Эти записи – не ежедневные и пунктуальные, как у некоторых литераторов средней руки, претендующих на вечность, или у сентиментальных девиц «тургеневского разлива», а нервные, часто отрывочные, правда, иногда и достаточно подробные, но предназначенные исключительно для «личного пользования», – они и составляли основу дневника. А все остальное – так, для своего собственного интереса, заметки для памяти. Иногда – для проверки и некоторых деловых соображений: прежние выводы казались интересными.
Случалось, что в отдельные периоды жизни Александр Борисович, по разным причинам, покидал место службы – сперва Московскую городскую прокуратуру, а позже – и Генеральную, находя для себя вполне достойное, по своим понятиям, место в редакционном коллективе еще недавно молодой газеты «Новая Россия». В ней он, кстати, и до сих пор числился во внештатных членах редколлегии, продолжая время от времени заниматься популяризацией юридических знаний. Так вот, оказалось, что его дневниковые записи разных лет, посвященные некоторым событиям, про которые народные массы, да и господа руководители государства якобы давно забыли, все еще не потеряли своей актуальности, являясь ценнейшим иллюстративным материалом.
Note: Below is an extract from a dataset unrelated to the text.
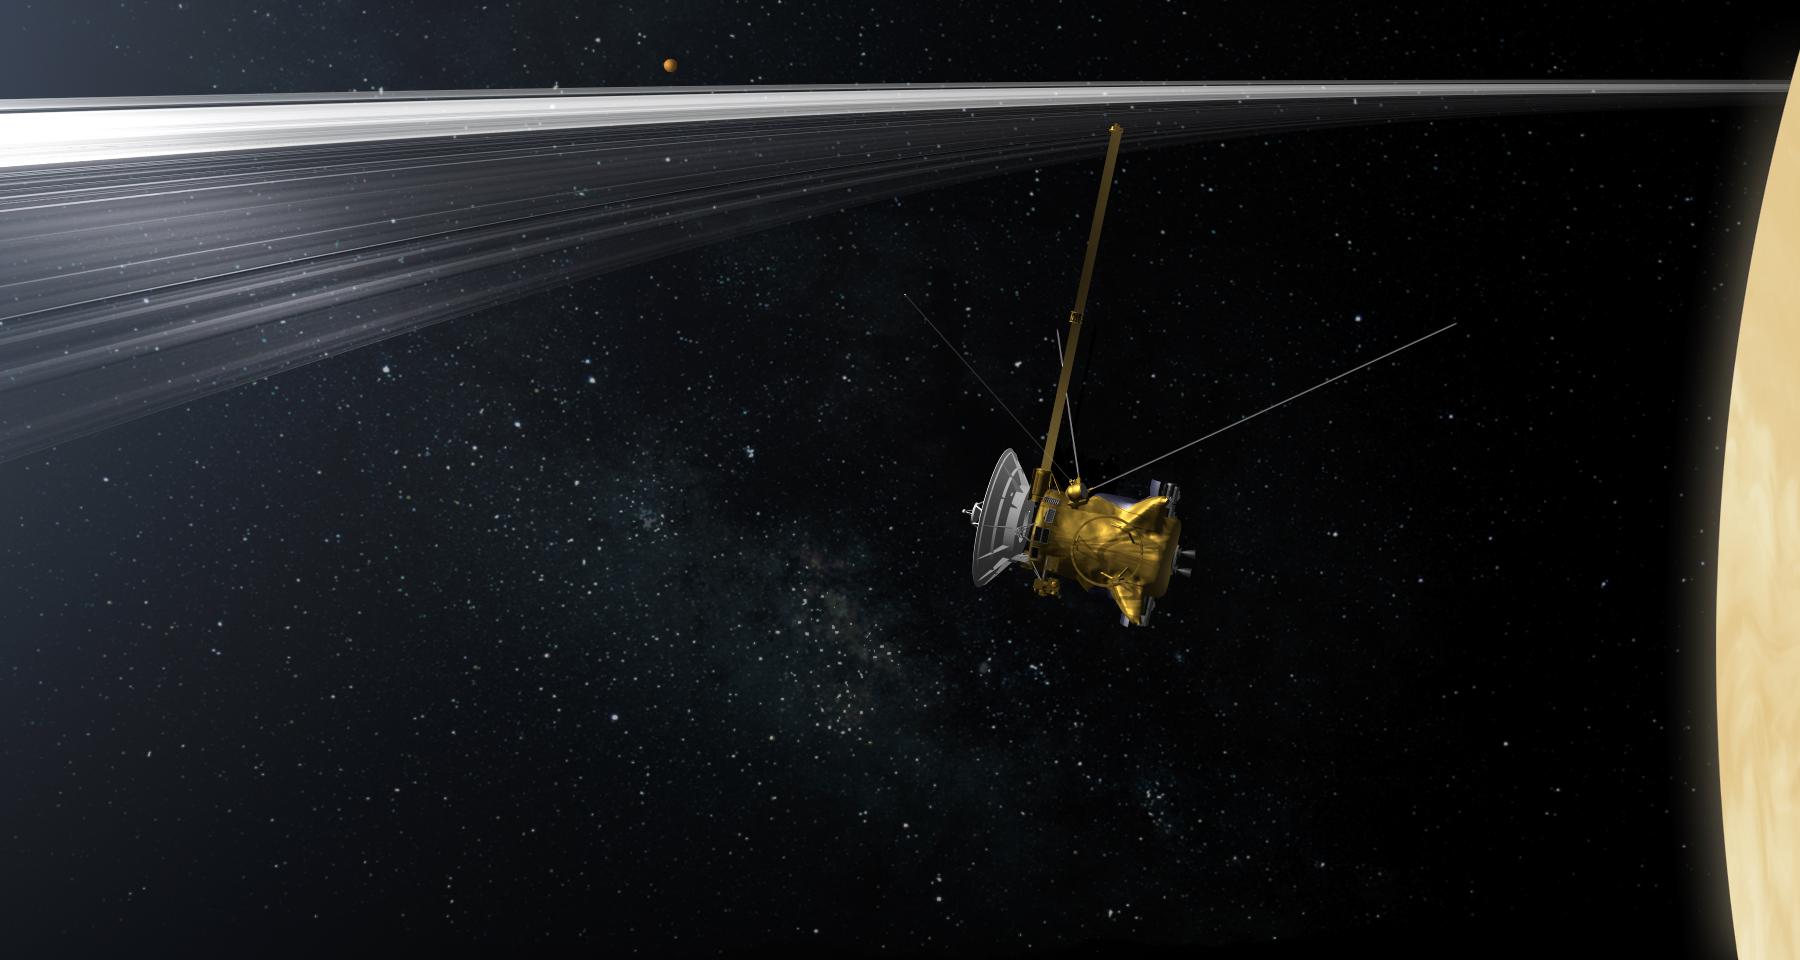 cassini orbiter cool picture - HD1280×782

А что, возможно, и поэтому еще опубликованные в газете статьи Турецкого всегда считались не просто «читабельными» и своевременными, но и отличались доскональным знанием предмета и обилием убедительных фактов, большим количеством оригинальных примеров, что обычно выдает в авторе газетной публикации профессионального журналиста. Именно этот, последний аргумент и выдвигался всегда редактором этого печатного органа, настойчиво звавшего Александра Борисовича сменить профиль опасной работы следователя на хлопотную, но славную журналистскую деятельность. А о конкретном профессионализме вопрос вообще не возникал: на «творческих подходах» Турецкого уже учили, оказывается, начинающих журналистов.
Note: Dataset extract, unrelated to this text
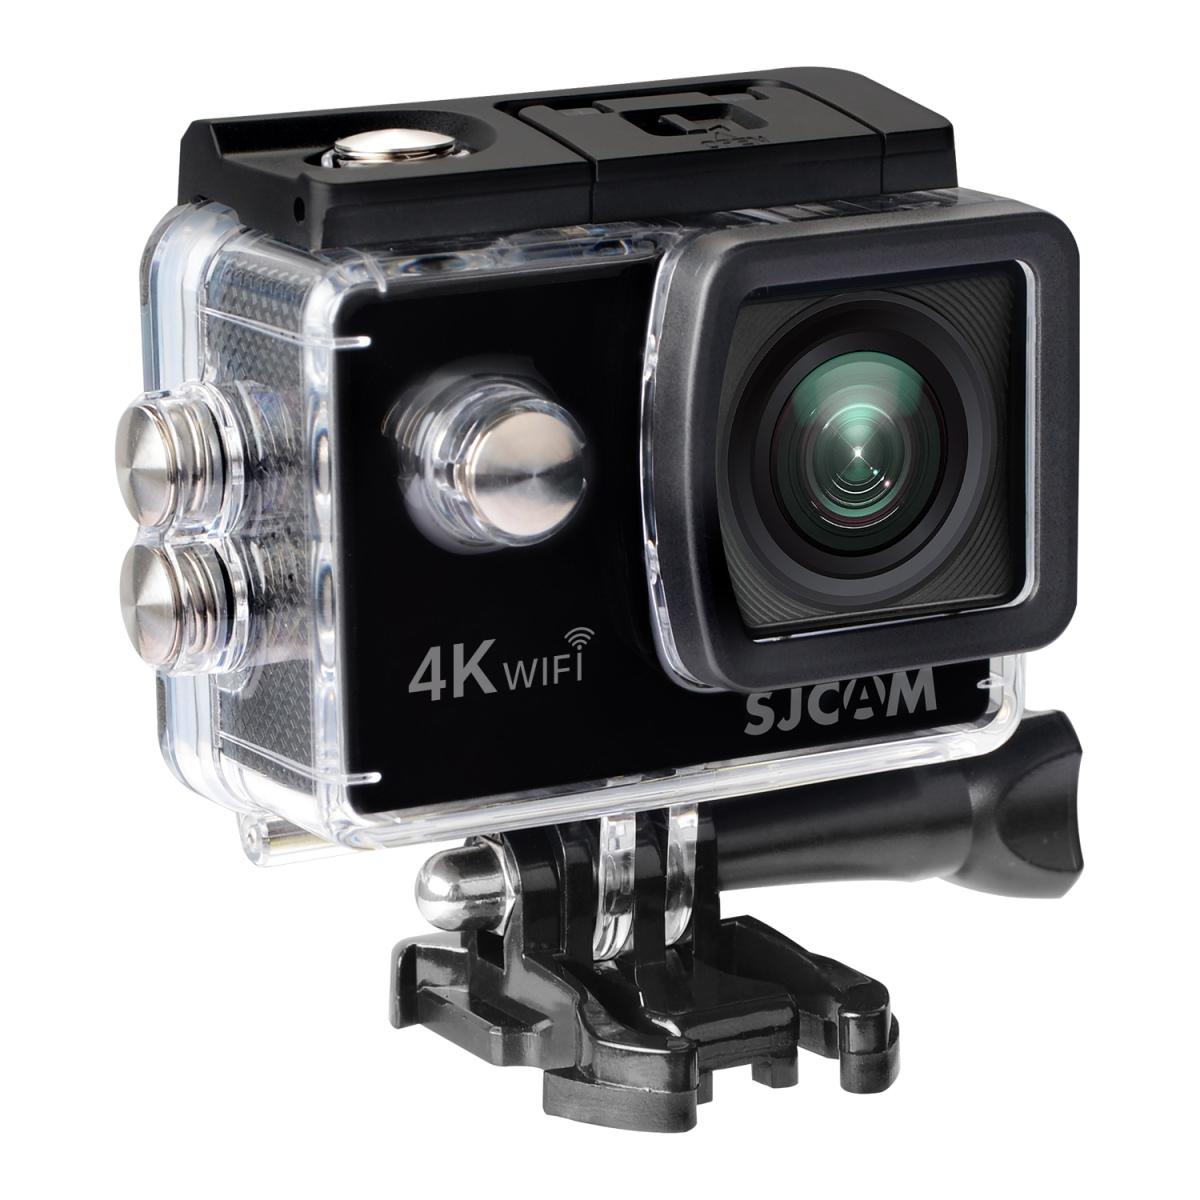 sj4000 air 4k action camera sjcam sj4000 wifi air is. Black Bedroom Furniture Sets. Home Design Ideas

Дневник… Что-то в последнее время Александр Борисович стал частенько обращаться к нему, заглядывать на странички. Правда, старался делать это тайно от Ирины, чтоб у той не возникло подозрения, будто муж скрывает нечто такое, что имеет к ней самое непосредственное отношение. Для женщины такая постановка вопроса категорически не может быть приемлемой, – это естественно. Вот и приходилось прятать свои потаенные записи в сейфе, вмонтированном в тумбочку письменного стола, ключ от которого Турецкий никогда никому даже и не показывал. Впрочем, время само решит, насколько правильно он поступает…
В принципе, за почти два десятка лет работы следователем по особо тяжким преступлениям, Александр Борисович, уже в силу одной своей профессии, был вынужден многократно и в разных ситуациях изучать дневники, либо просто отдельные записи, которые находили при обыске у некоторых преступников. И в этой связи у Турецкого как-то отстраненно сложилось твердое убеждение, что дневник вообще – это по существу графоманский вариант беседы его автора с Вечностью. Сам не раз говорил с друзьями об этом, кокетливо закрывая глаза, или несколько стыдливо отводя взгляд от «заветной тумбочки». Но графоманство, как таковое, имеет свое твердое и достаточно однозначное определение, как безудержная, болезненная страсть к сочинительству. Только это – для всех остальных, имея в виду вольных или невольных читателей. А для автора – да, пусть и болезненная, но ведь страсть! Но – истинная! Неподкупная! Великий труд в одном экземпляре… И, если не для следователя, то для врача такой дневник – открытая книга душевной, или иной, болезни. Так что не все тут совсем уж примитивно. Тем более что никто не понуждает графомана навязывать другим свое сочинение, это его собственная прерогатива. А потом – есть же и дневники Достоевского, и Софьи Андреевны Толстой, и… Мемуары – тоже своего рода дневники. Нет, бесполезный спор с самим собой… Турецкий морщился.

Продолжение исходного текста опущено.